=== Begin Enclosure ===

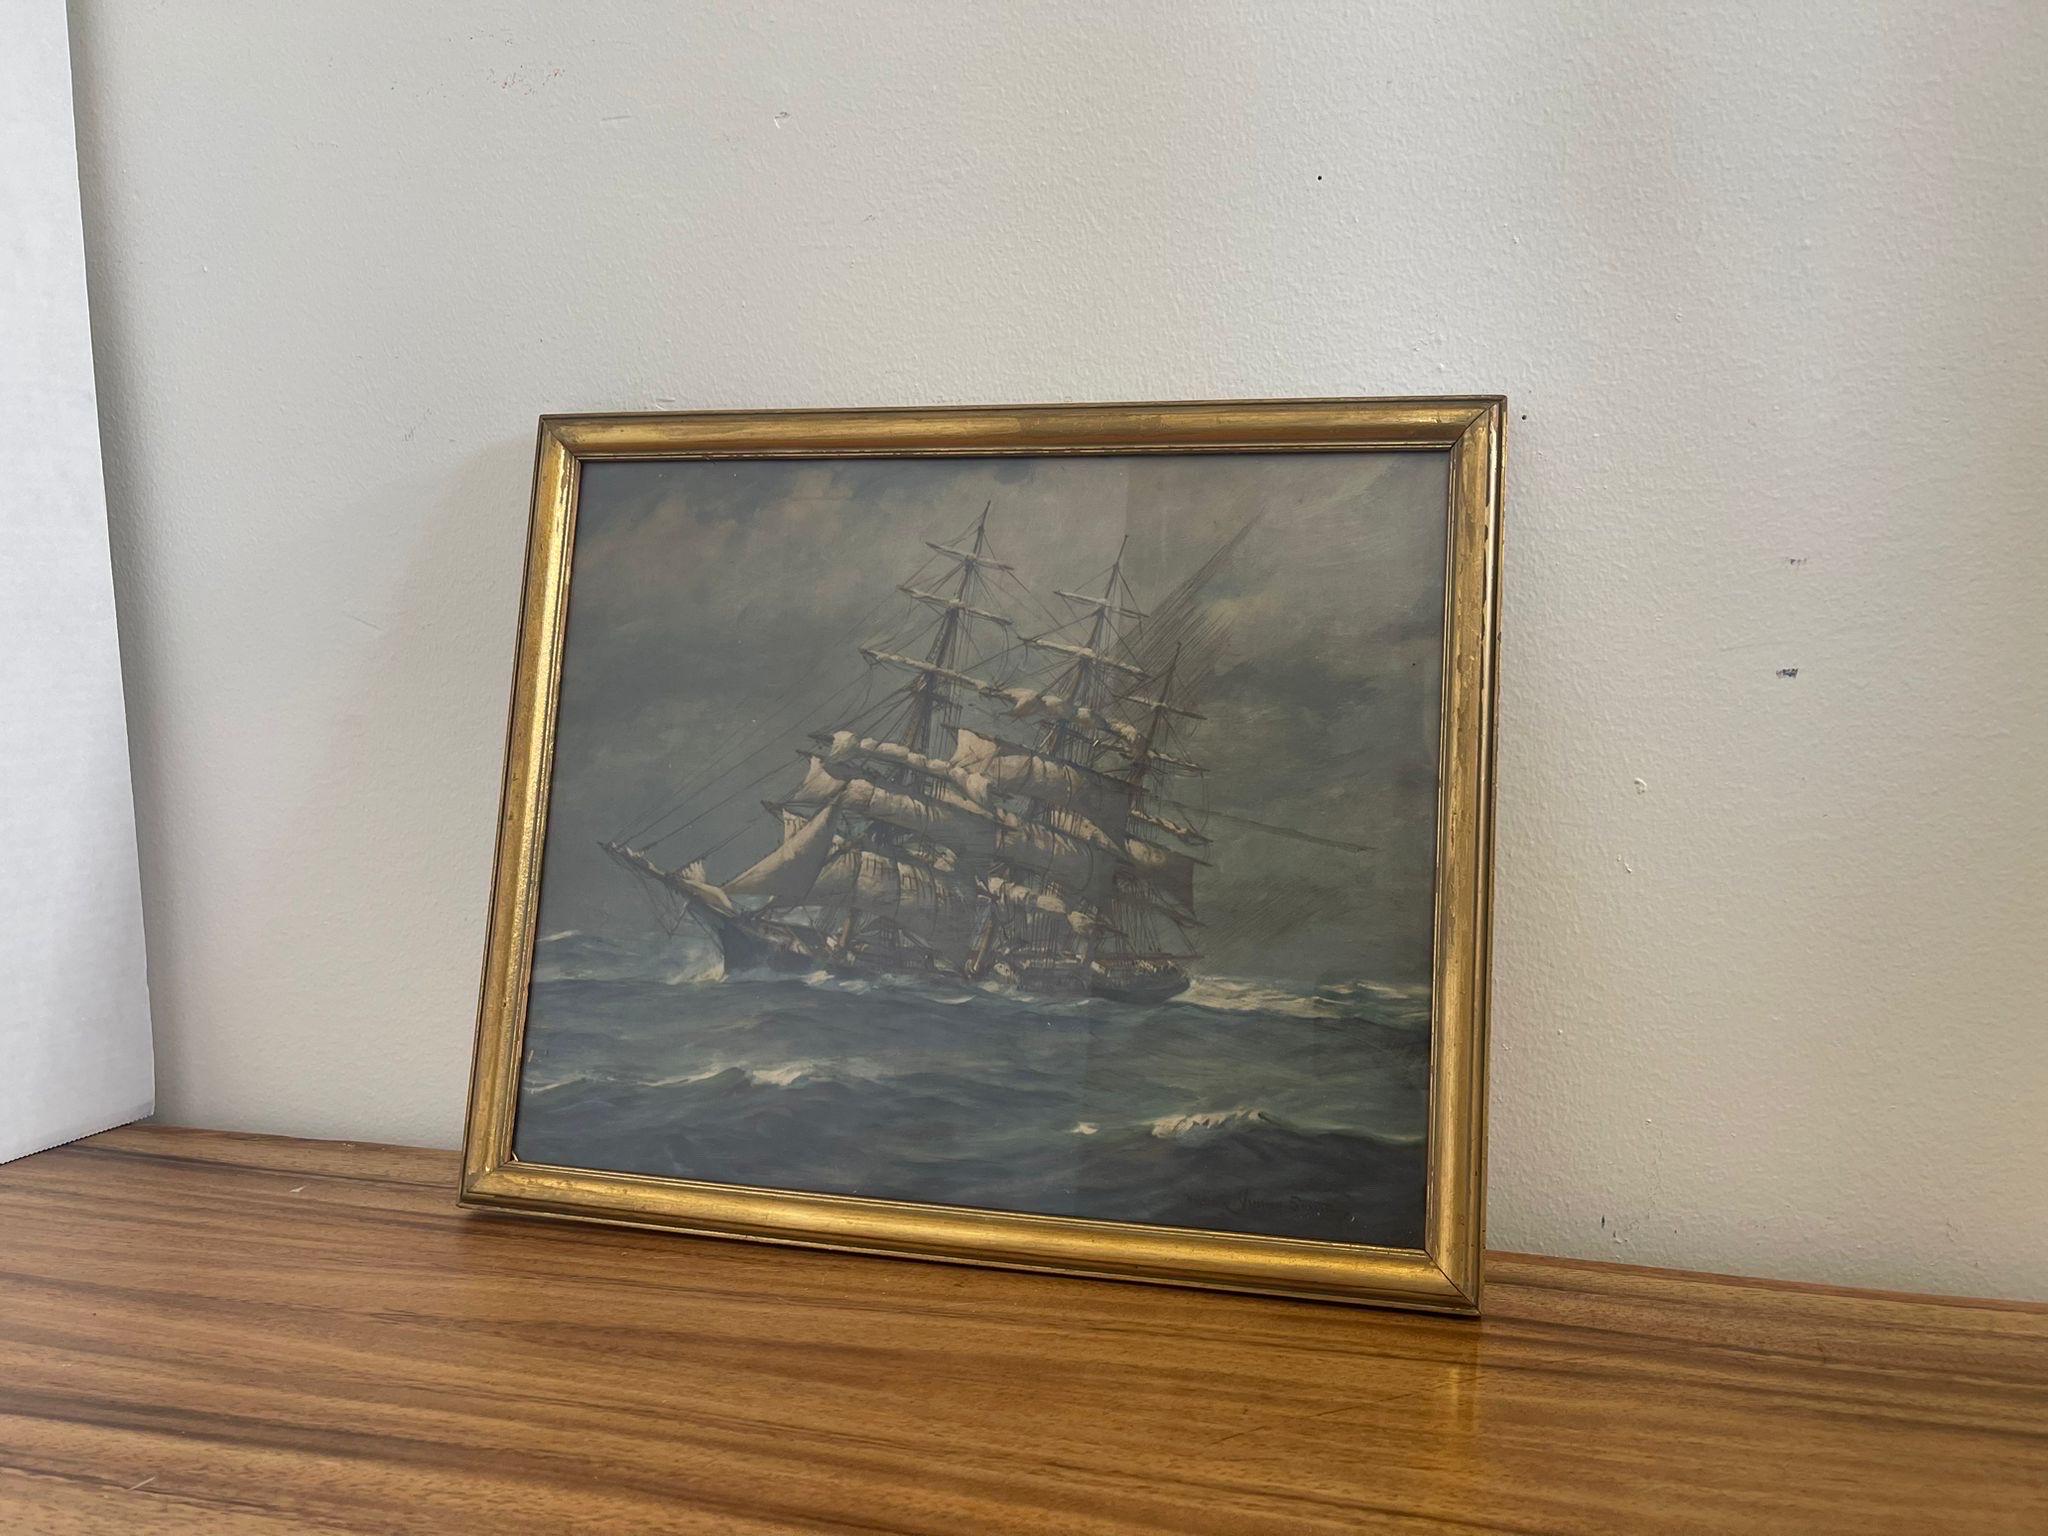 Print is within a gold toned wooden frame. Slight Patina. Artwork of sailboat going through the stormy weather. Vintage Condition Consistent with Age as Pictured.

Dimensions. 15 W ; 3/4 D ; 12 1/2 H
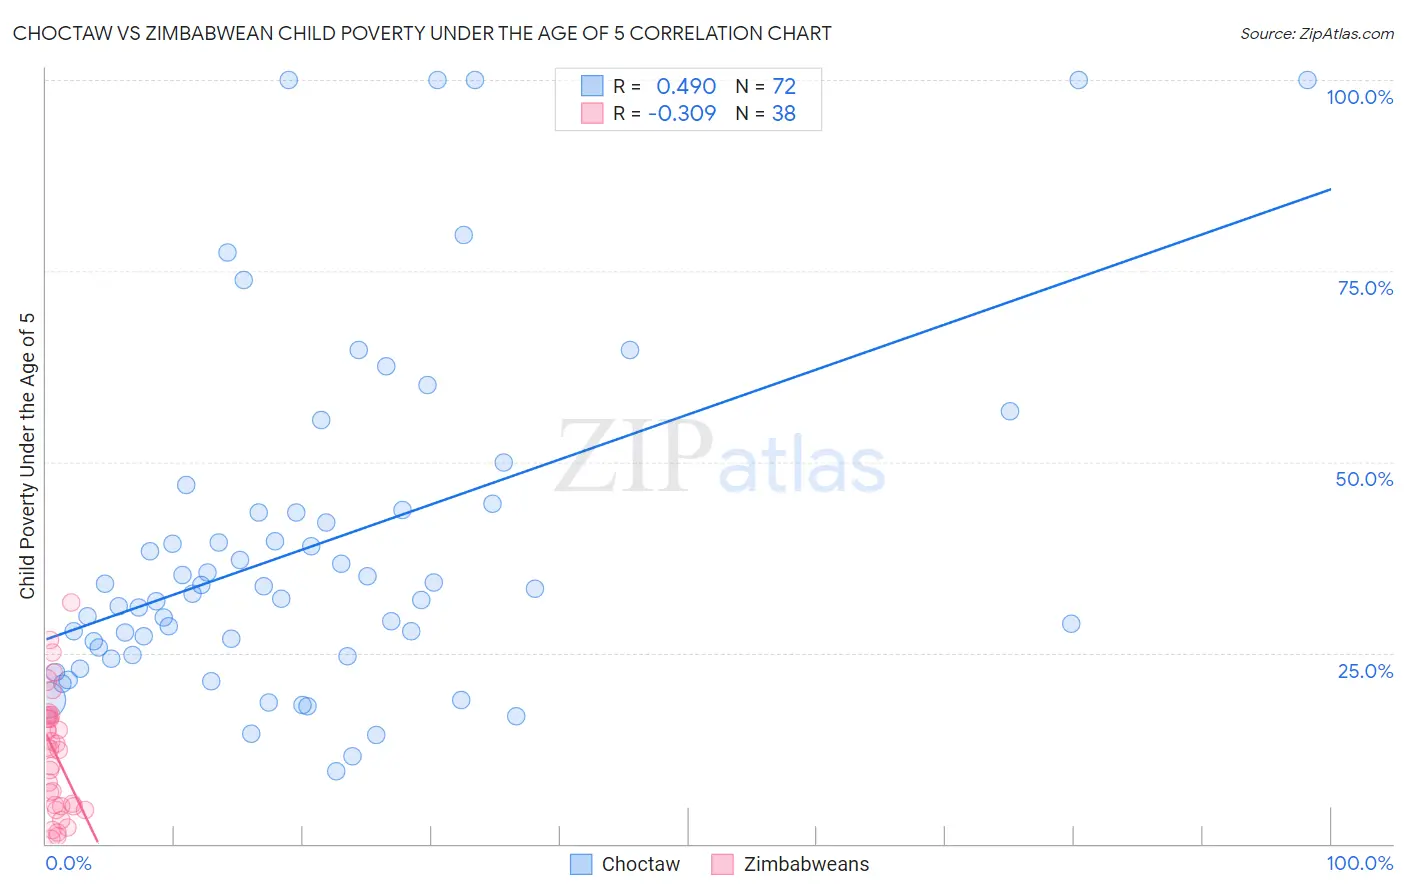 Choctaw vs Zimbabwean Child Poverty Under the Age of 5

=== End Enclosure ===

**DIRECTIONS:** Give back the listing unchanged. Strip out the pictures.

**EXERCISE OUTPUT:**
 Print is within a gold toned wooden frame. Slight Patina. Artwork of sailboat going through the stormy weather. Vintage Condition Consistent with Age as Pictured.

Dimensions. 15 W ; 3/4 D ; 12 1/2 H
 Choctaw vs Zimbabwean Child Poverty Under the Age of 5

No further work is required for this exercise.